Wtorkowy wieczór, godzina 18:00, 1/32 Pucharu Polski. W takich okolicznościach przyszło Nafciarzom zmierzyć się z zespołem Warty Poznań. Miało być na poważnie, niestety na boisku wyglądało to trochę niepoważnie. Nafciarze po bezbarwnym meczu przegrali ostatecznie z zespołem z Poznania i swój udział w tegorocznym Pucharze Polski zakończyli już na 1/32.
Przedmeczowy rzut oka na składy. Zgodnie z zapowiedziami, do wyjściowej jedenastki trafili Barłomiej Gradecki oraz Miłosz Brzozowski. Chyba wszyscy domyślaliśmy się, ze w kontekście ostatnich udanych występów, na podstawowy skład zasłużył również Krystian Pomorski.
Trener Piotr Klepczarek zdecydowanie bardziej rotował składem przed tym spotkaniem. Szkoleniowiec Warty dokonał aż siedmiu zmian w stosunku do ostatniego ligowego spotkania przeciwko Arce Gdynia.
Tak oto prezentowały się składy obu drużyn na to spotkanie:
Pierwsze uderzenie w kierunku bramki Leo Przybylaka miało miejsce już w czwartej minucie. Jego autorem był Łukasz Sekulski. Na nasze nieszczęście nasz kapitan nieznacznie się pomylił i piłka po uderzeniu głową powędrowała nad poprzeczką. W odpowiedzi akcja Warty, w porę przerwana przez naszych obrońców. W ósmej minucie na nieoczywiste uderzenie zdecydował się Andrias Edmundson. Strzał Farera zmierzał w samo okienko bramki gości, jednak na drodze piłki stanął Przybylak. W trzynastej minucie sędzia Wojciech Myć po raz pierwszy sięgnął do kieszonki po kartkę. Ukarany za faul taktyczny na Miłoszu Brzozowskim został Shun Shibata. W siedemnastej minucie bardzo dobre dośrodkowanie Krystiana Pomorskiego i Fabian Hiszpański z najbliższej odległości uderzył wprost w Przybylaka.

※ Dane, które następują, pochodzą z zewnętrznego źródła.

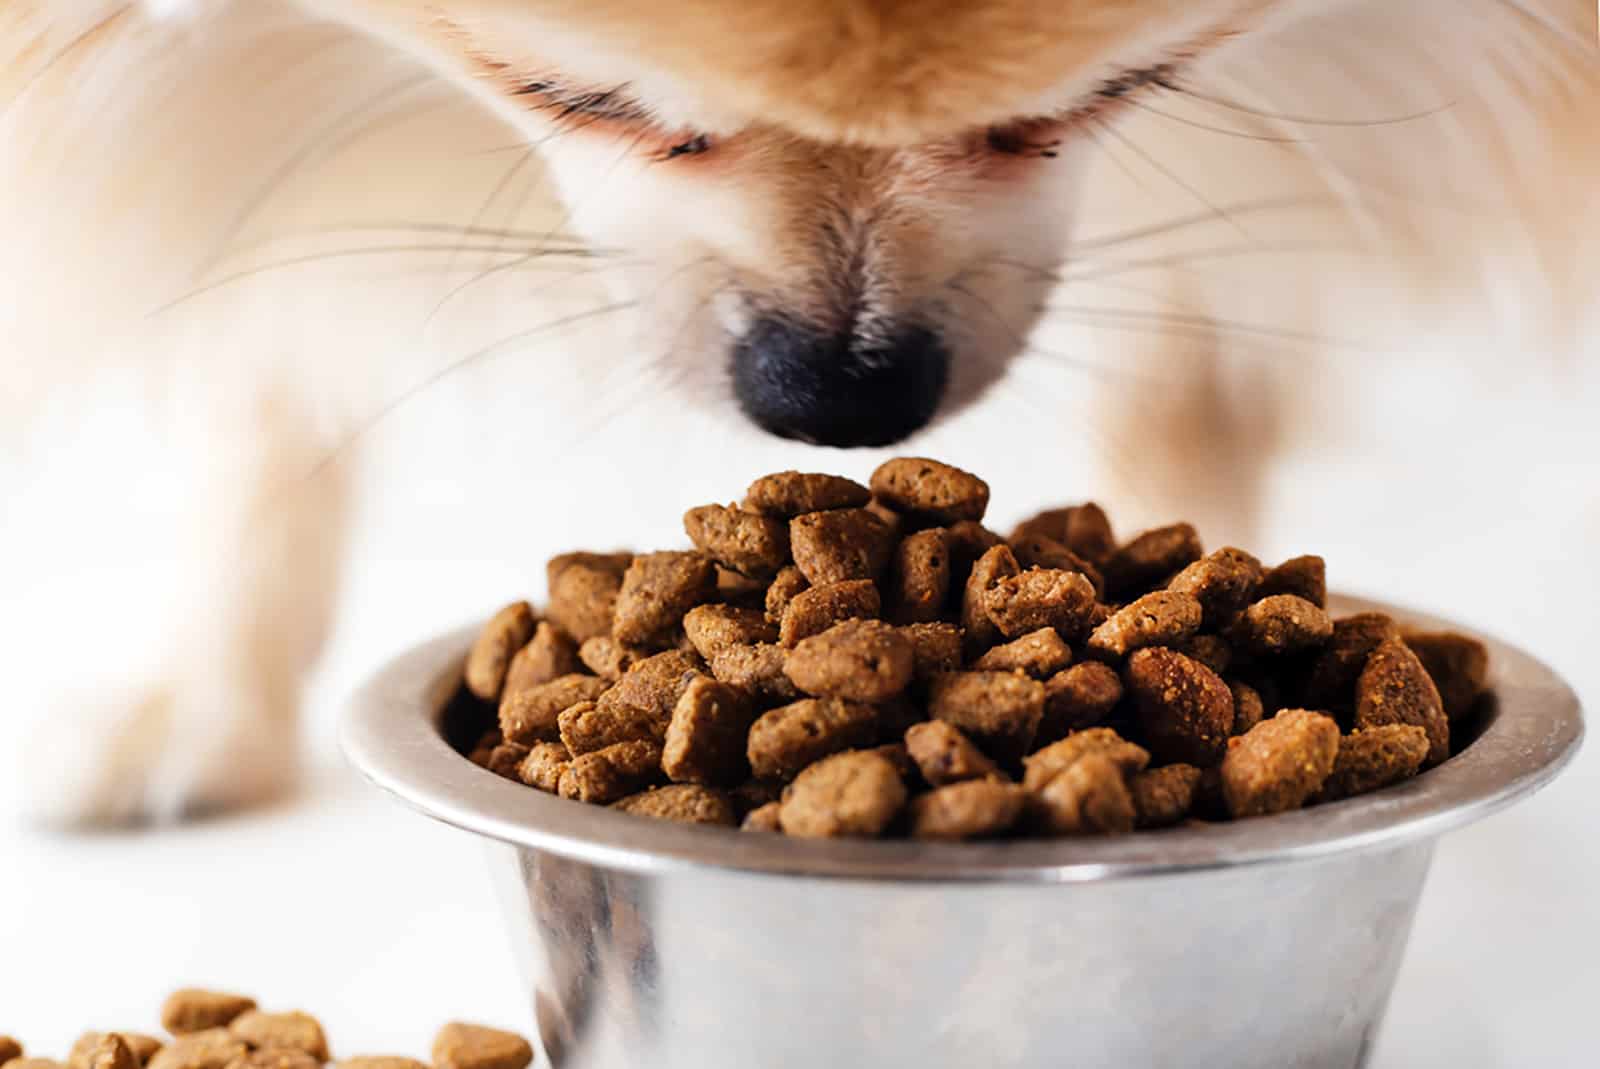 a pomeranian dog eats dog food from a bowl
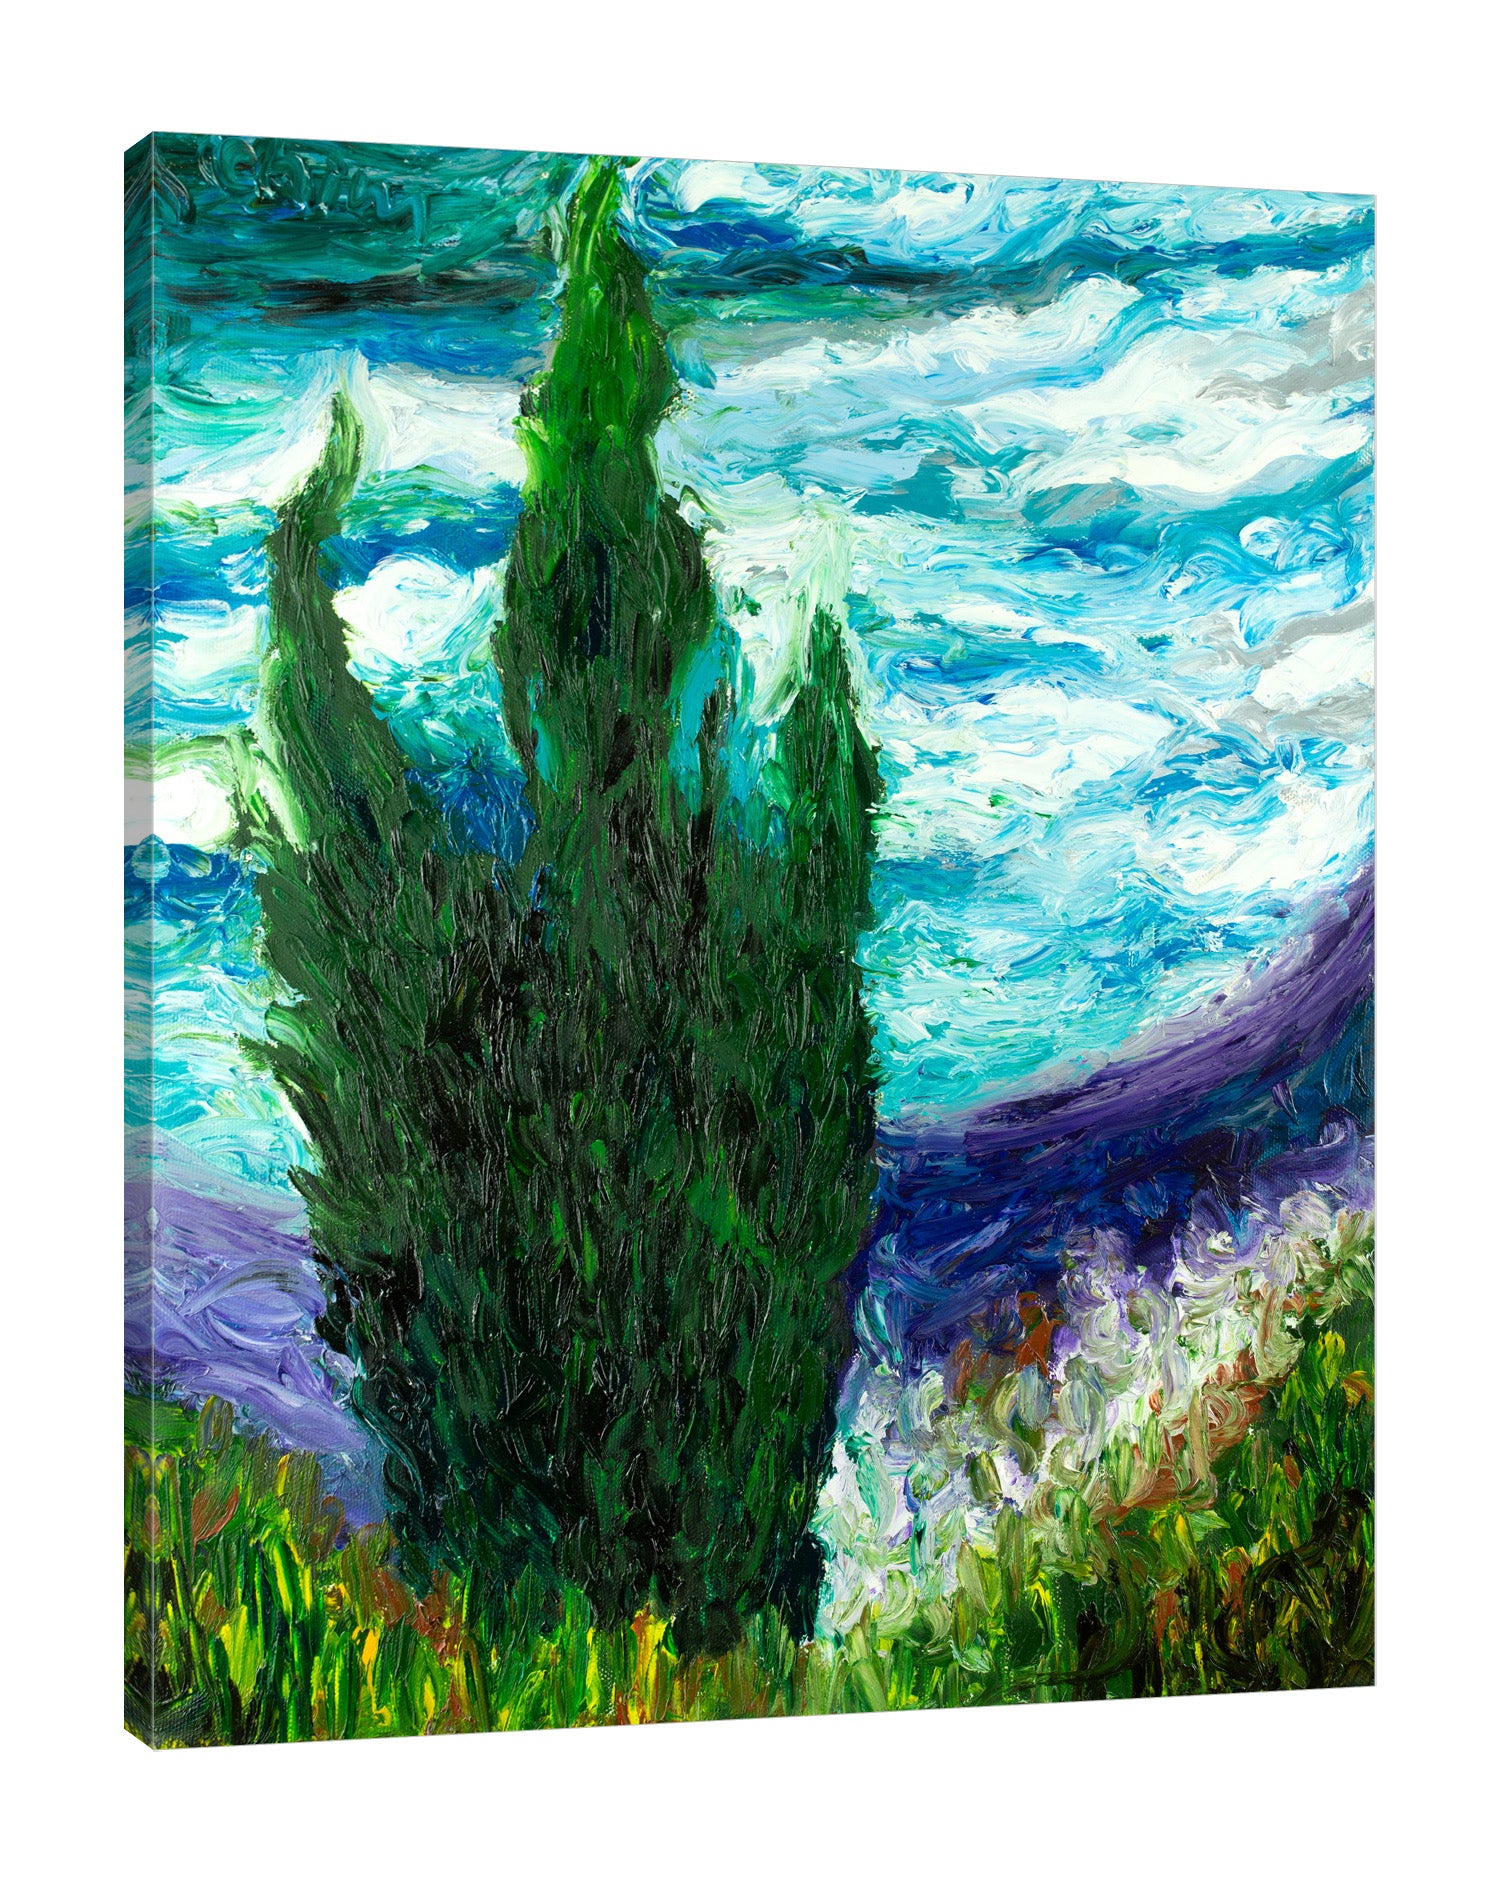 Chiara-Magni,Modern & Contemporary,Landscape & Nature,Finger-paint,trees,tree,mountains,mountain,grass,blue,skies,clouds,portrait,

Kolejne minuty mijały, przewaga Wisły była wyraźna, jednak brakowało konkretów. Swoje szanse mieli, chociażby Sekulski po dograniu piłka z lewej strony, czy Hiszpański po podaniu Kuna. Warta w ofensywie ograniczała się do grania ja do Ciebie, Ty do mnie. Wysoko ustawiona drużyna Mariusza Misiury na wiele więcej zresztą nie pozwalała gościom.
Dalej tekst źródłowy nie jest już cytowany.